COLLECTED DATA:
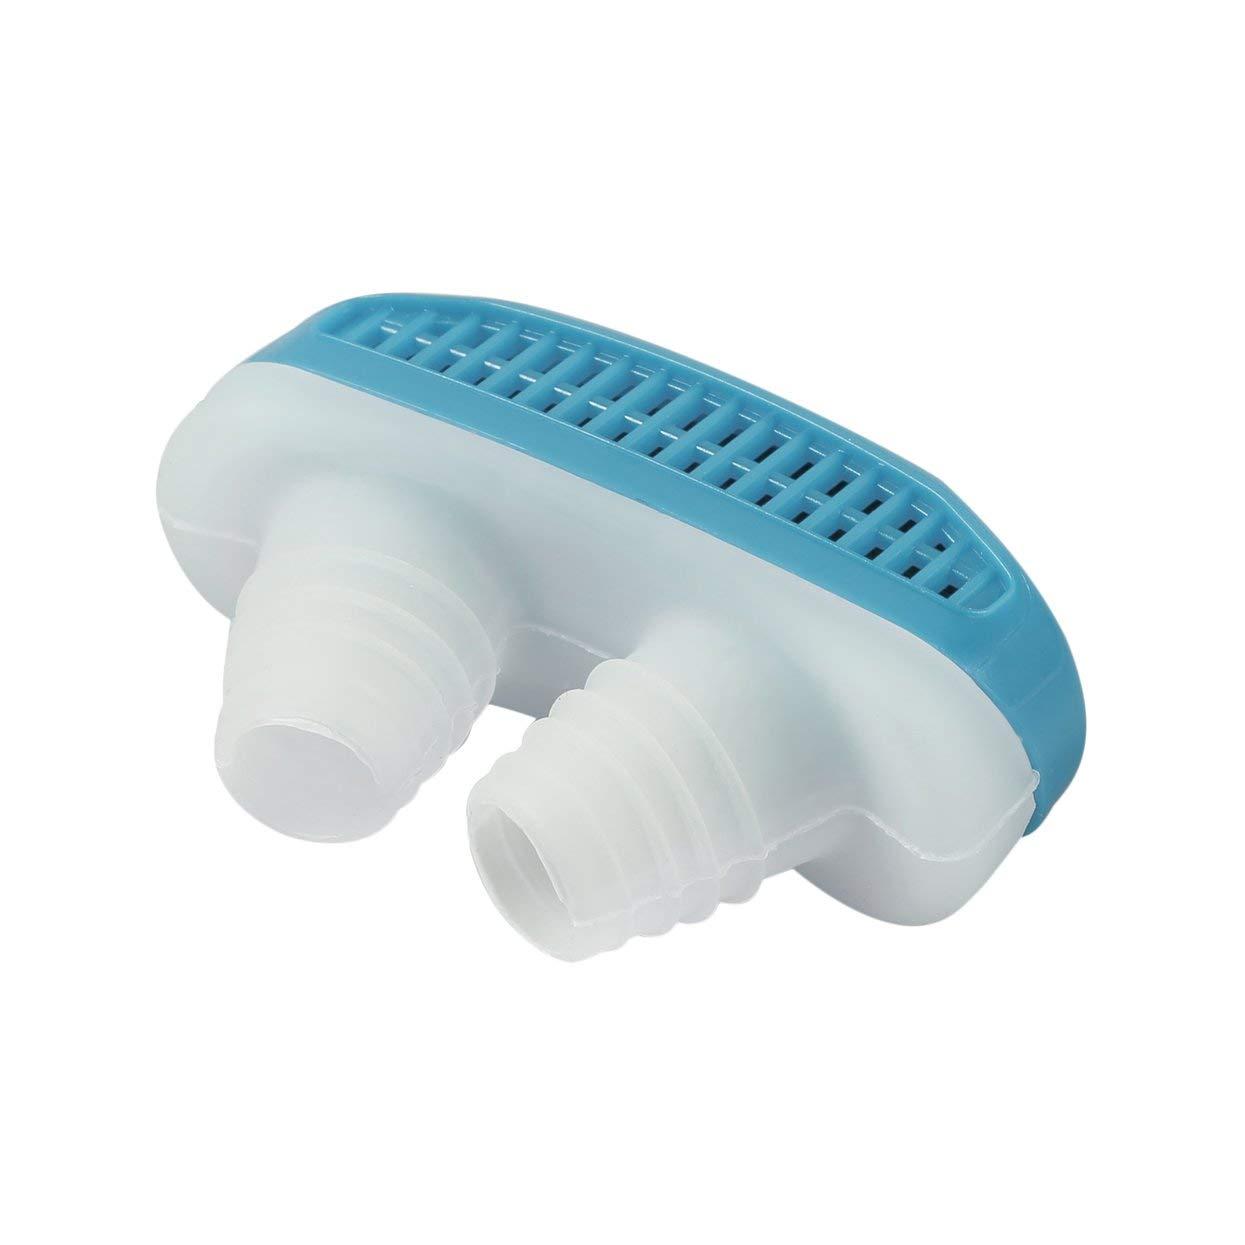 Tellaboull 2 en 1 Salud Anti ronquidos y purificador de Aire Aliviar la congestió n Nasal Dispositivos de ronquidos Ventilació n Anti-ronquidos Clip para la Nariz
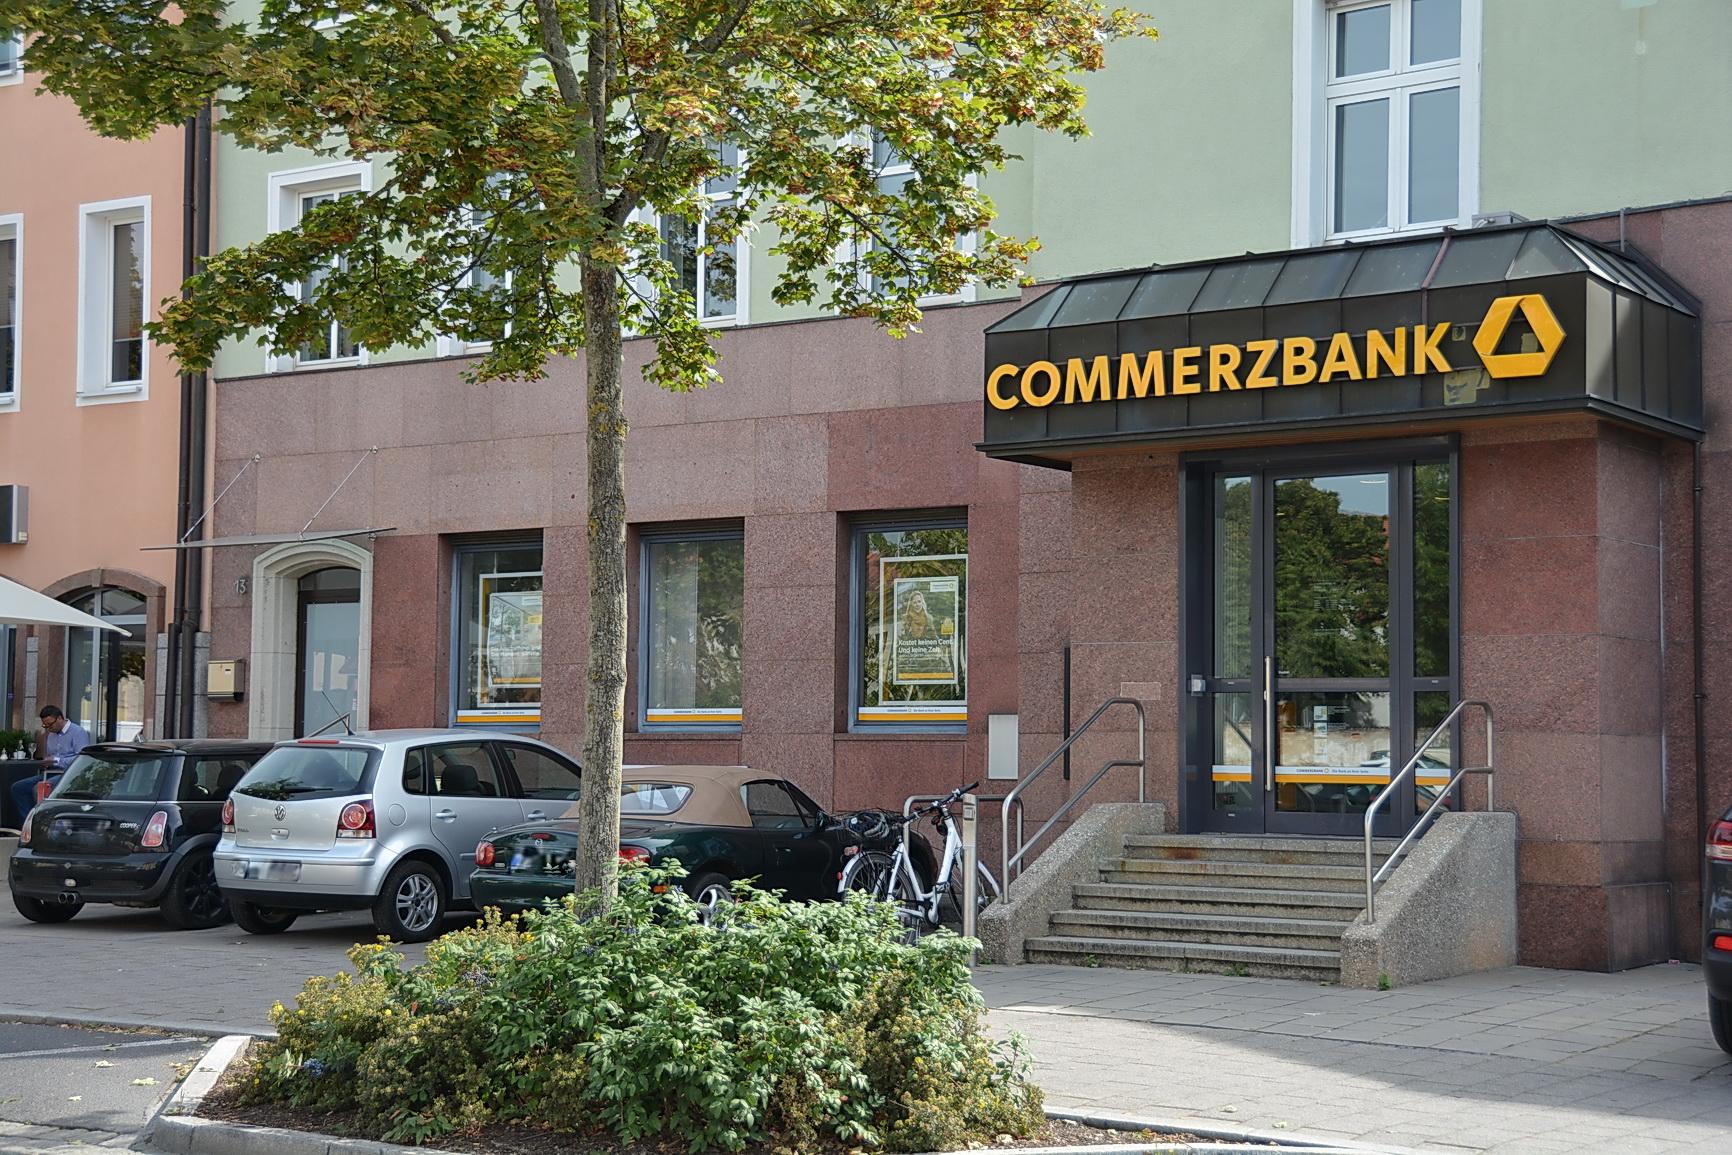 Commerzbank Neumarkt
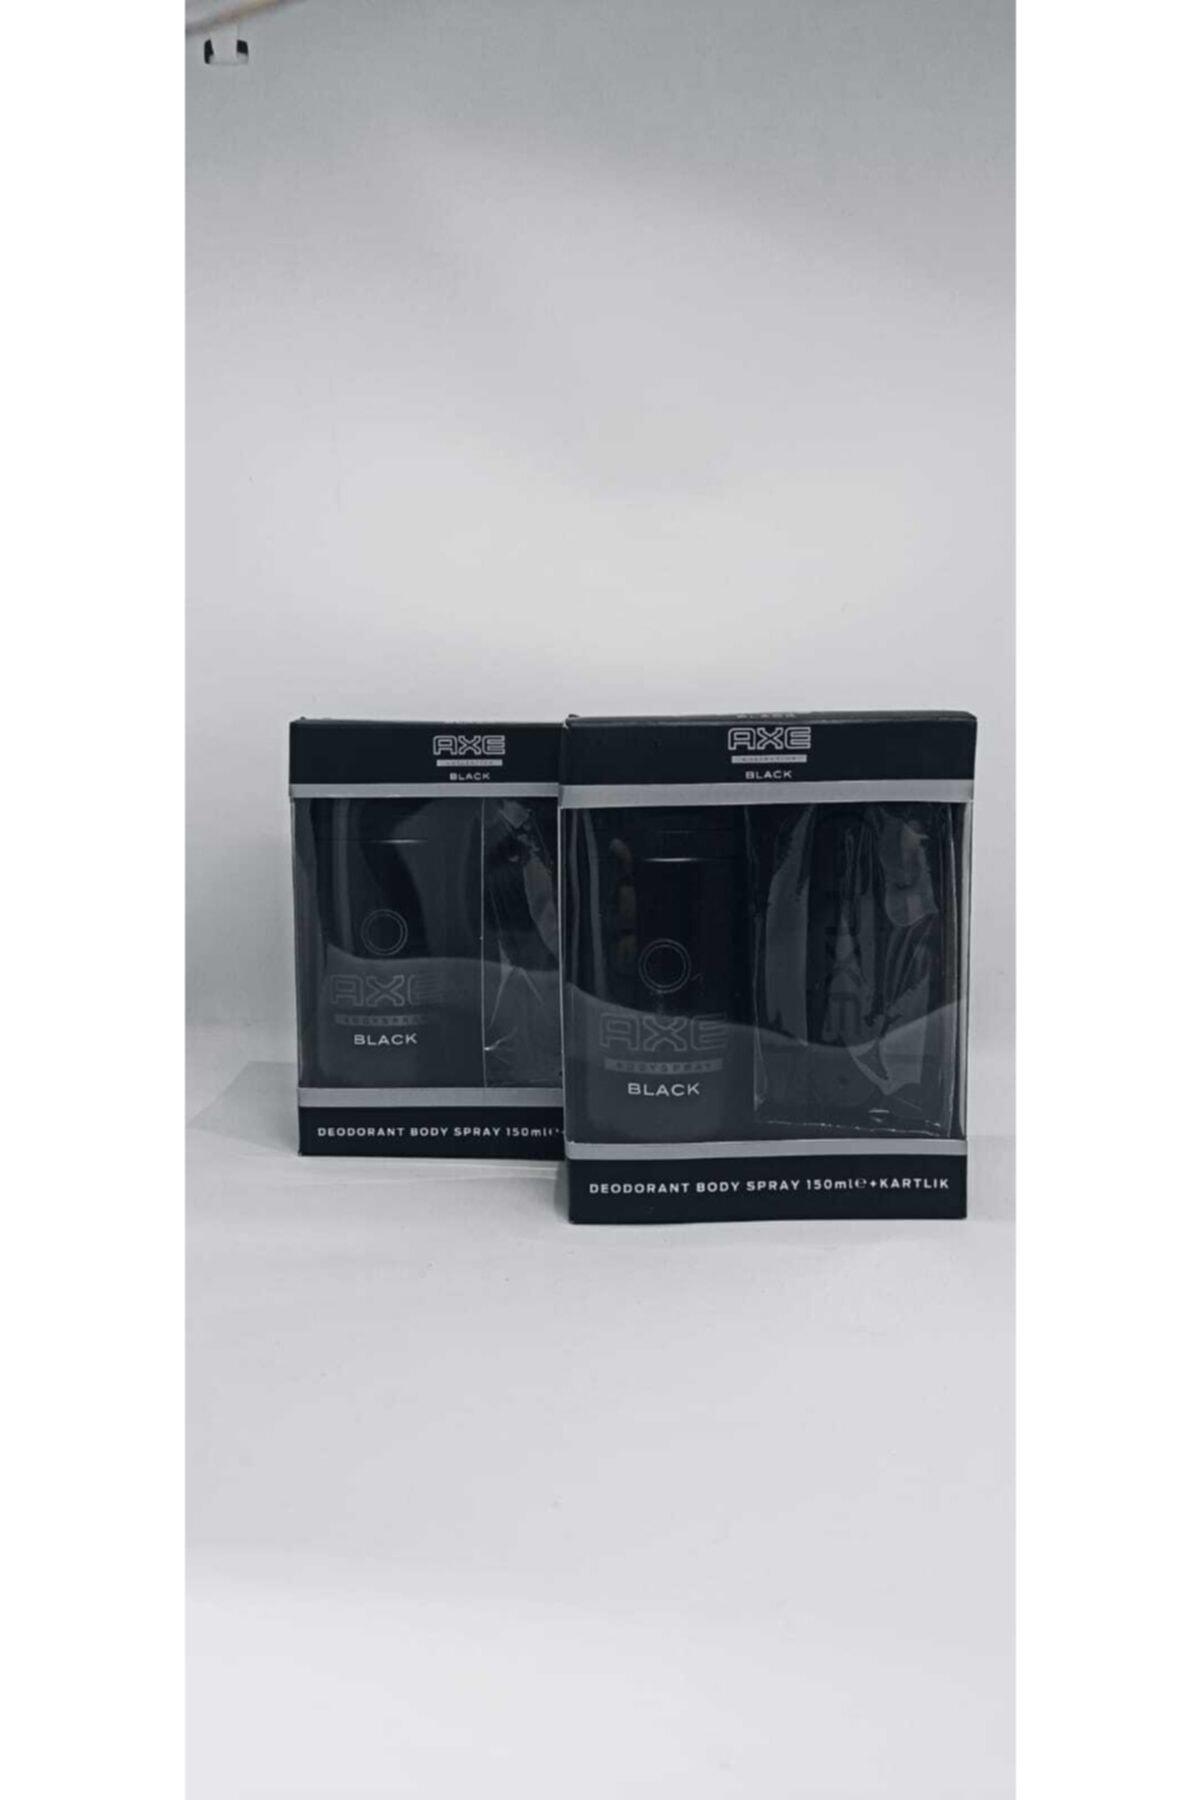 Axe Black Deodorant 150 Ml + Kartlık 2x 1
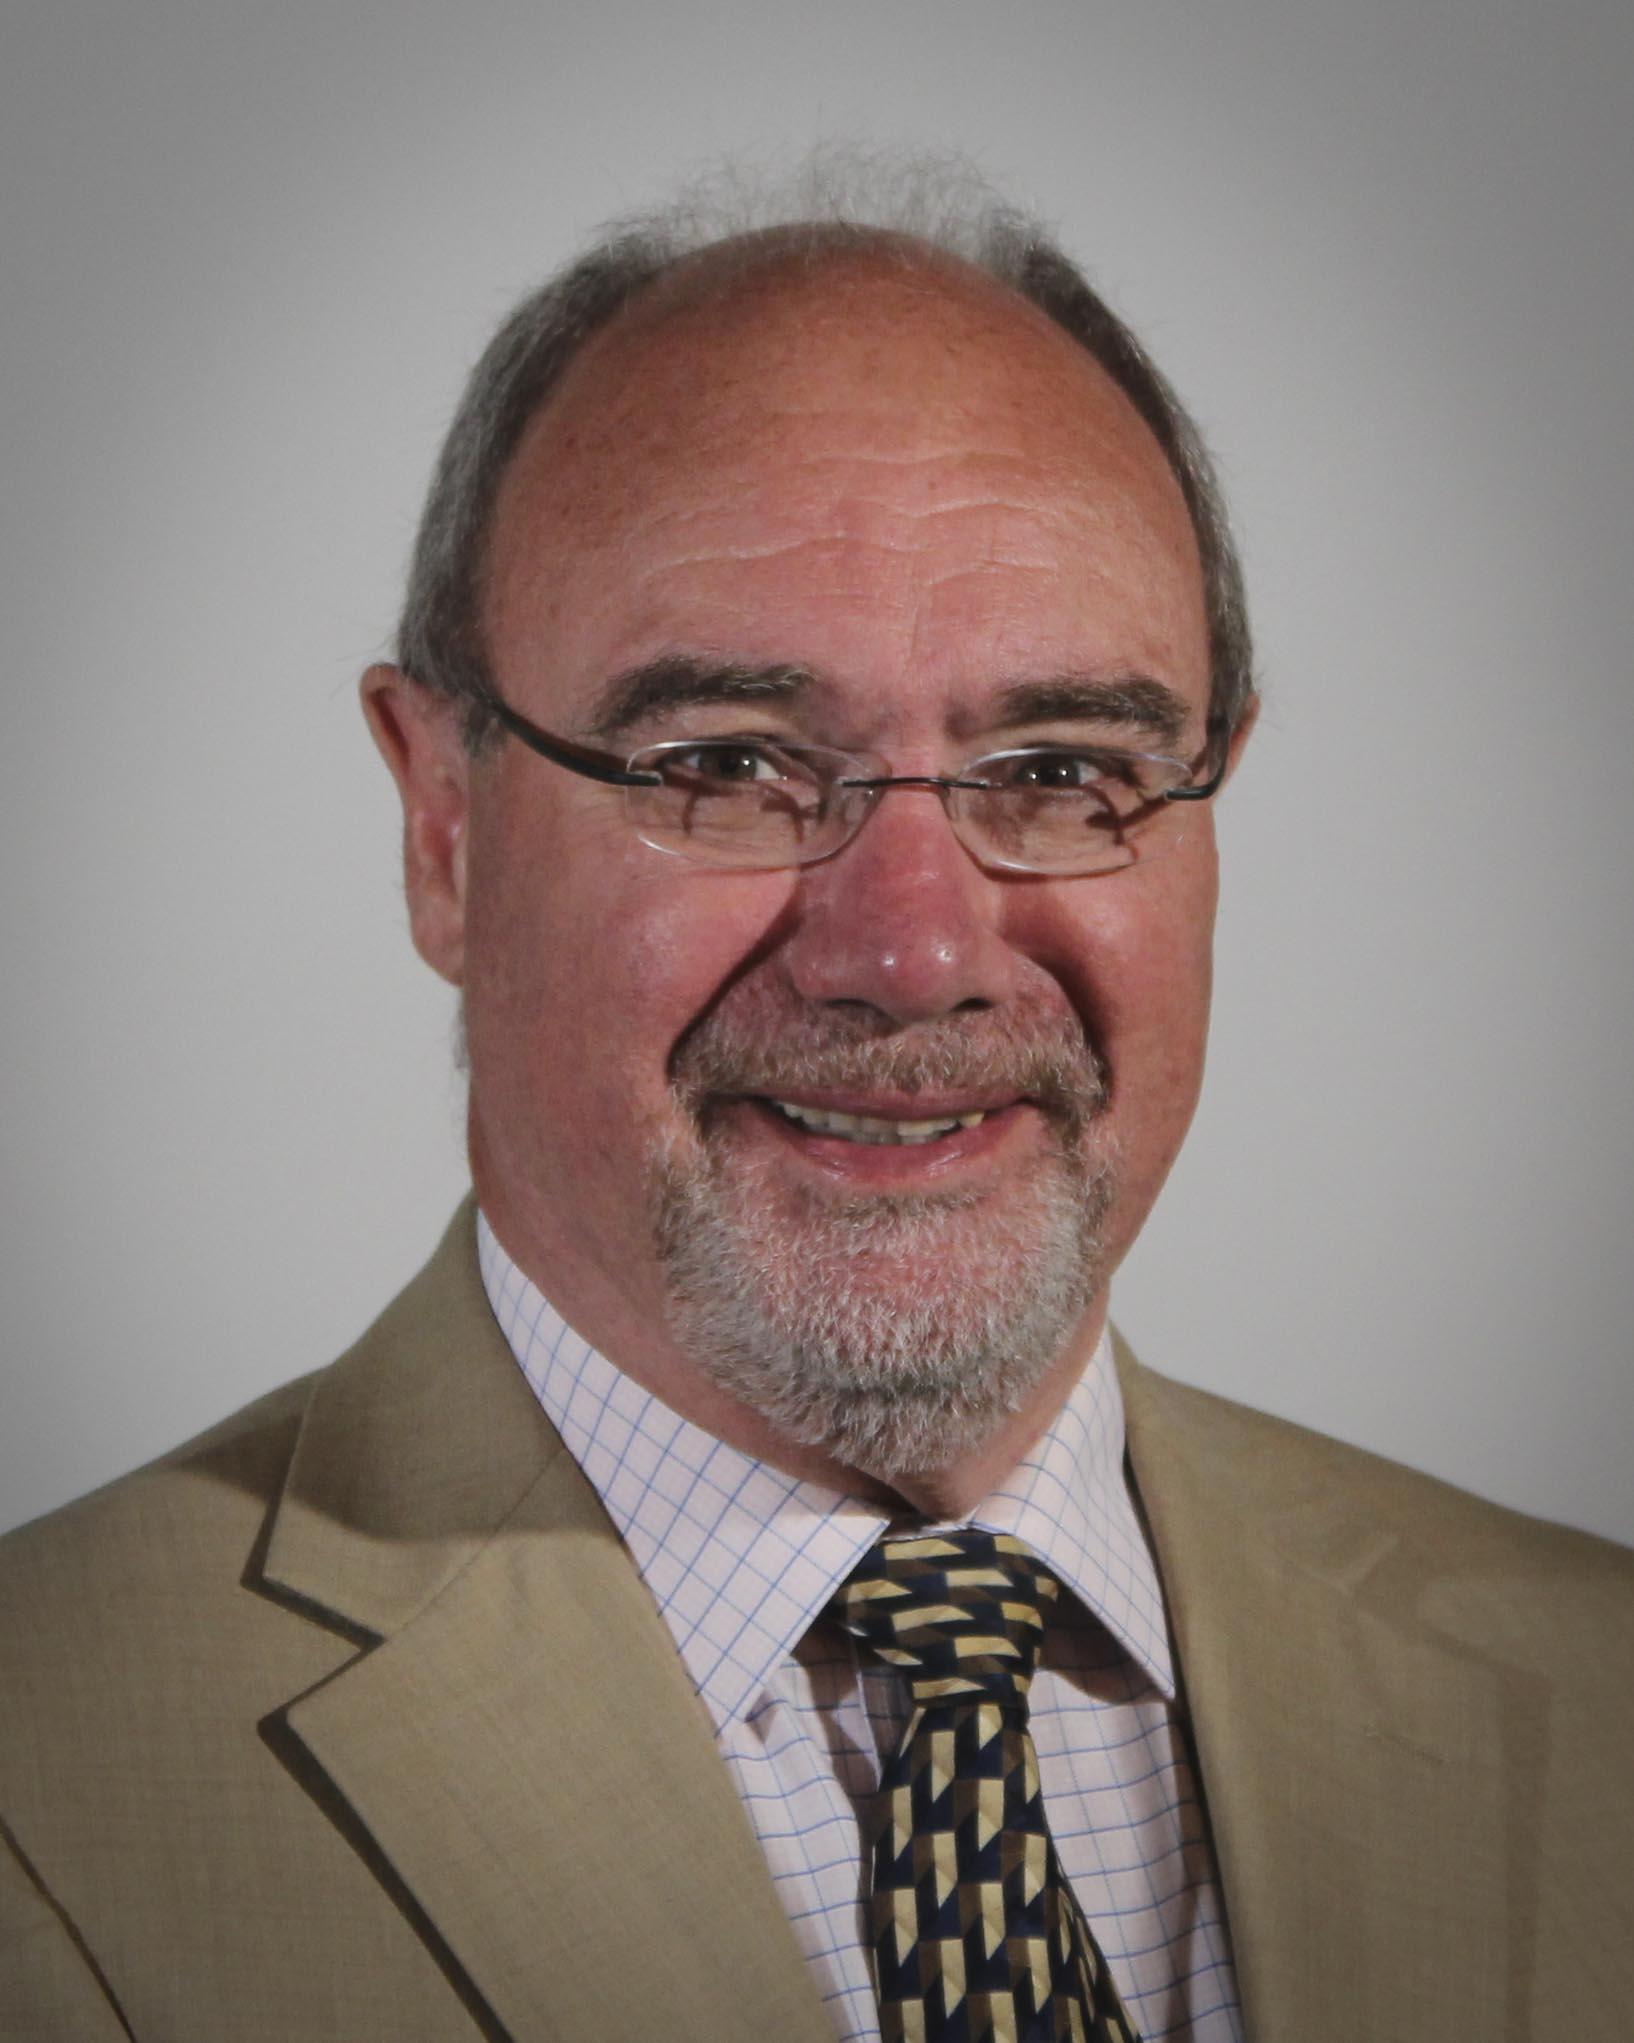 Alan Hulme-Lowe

EXERCISE BRIEF: When you return the listing, keep each line exact and leave the pictures out.

RESPONSE TO THE EXERCISE:
 Tellaboull 2 en 1 Salud Anti ronquidos y purificador de Aire Aliviar la congestió n Nasal Dispositivos de ronquidos Ventilació n Anti-ronquidos Clip para la Nariz
 Commerzbank Neumarkt
 Axe Black Deodorant 150 Ml + Kartlık 2x 1
 Alan Hulme-Lowe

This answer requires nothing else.